Self Supporting Operations - closing motives

SELF SUPPORTING OPERATIONS
Fiscal Year Closing - What's It All About?
What is Fiscal Year Closing (at the departmental level)?
Fiscal year closing is the process of closing the financial records for the
year, so we can take a reading on financial condition (profit, loss, etc.) at
one standard point in time (fiscal year end).   

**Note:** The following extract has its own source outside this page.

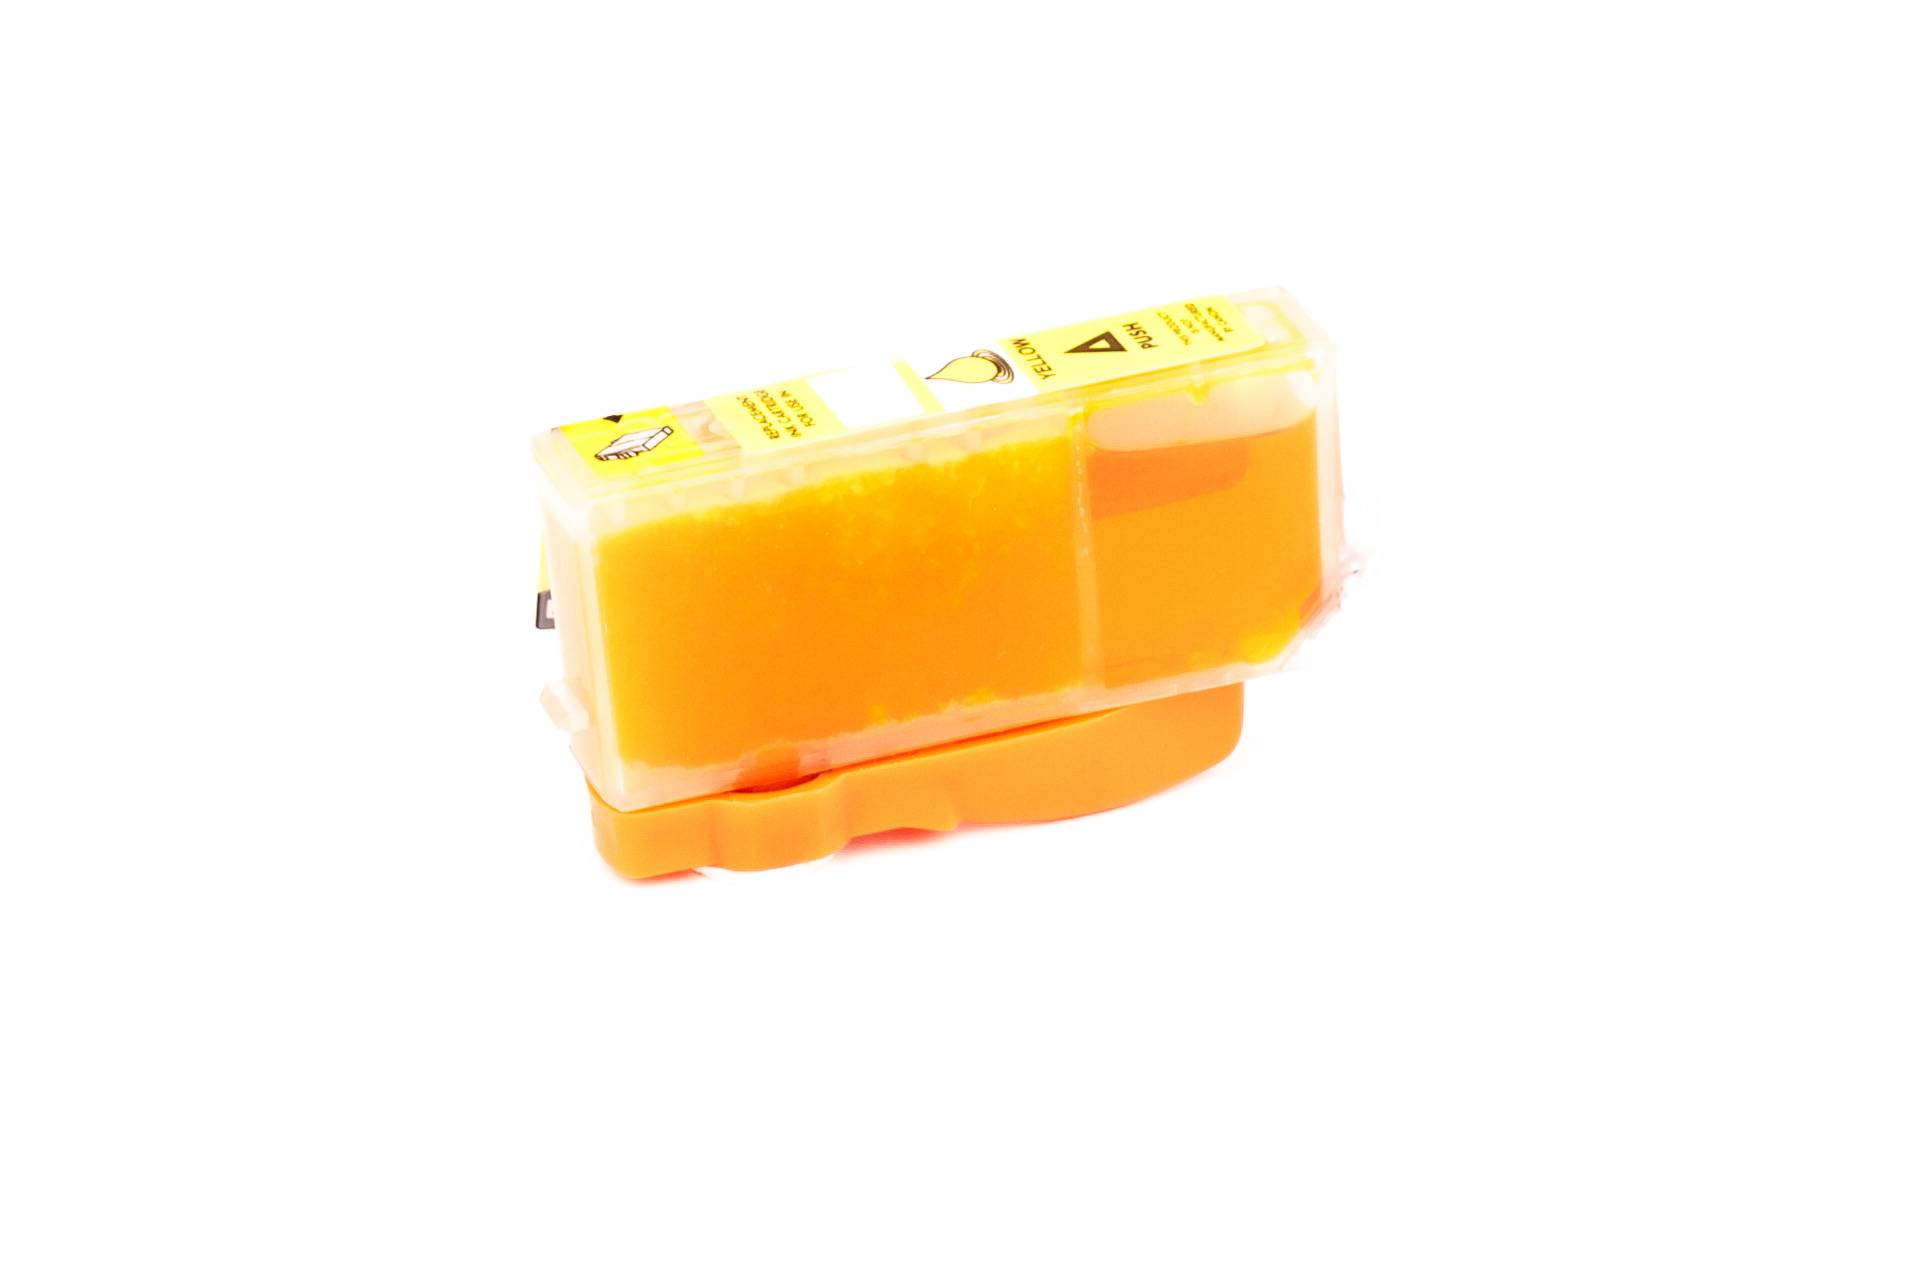 Canon Cartouche d'encre pour Canon 2936B001 / CLI-521 Y jaune compatible (de marque ASC)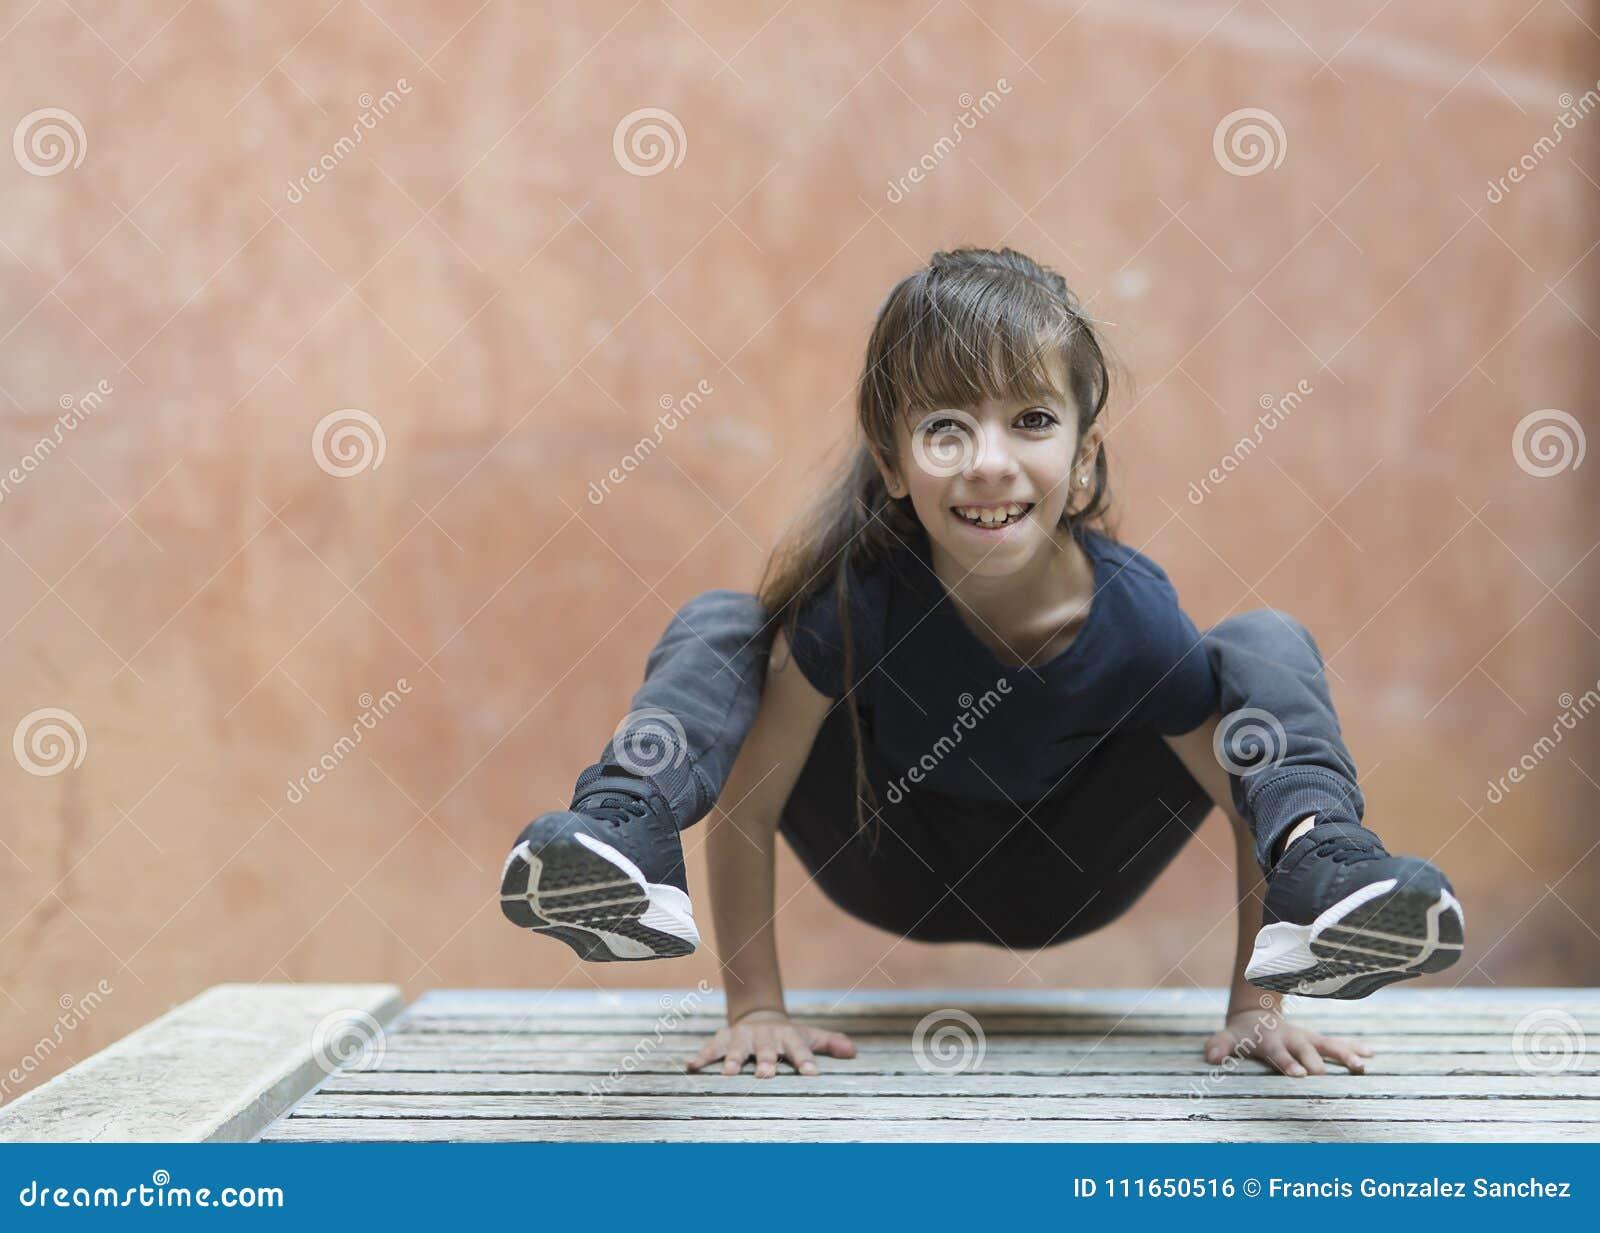 10 éénjarigenmeisje die een yogahouding doen

What are the main objectives of Fiscal Year Closing at the
departmental level?
To ensure all the financial records are in "reportable condition", so that 
financial statements prepared with the information are complete and
accurate, and so that conclusions drawn and decisions made based on
that  financial data and statements lead to successful
outcomes.
To prepare budget adjustments (BEA's)  to cover (& explain) budget
variances, and close out (zero) the expenditure and income accounts to
clear them for next year's data, and move financial balances into BC 75.
What is "reportable condition" for self-supporting operations?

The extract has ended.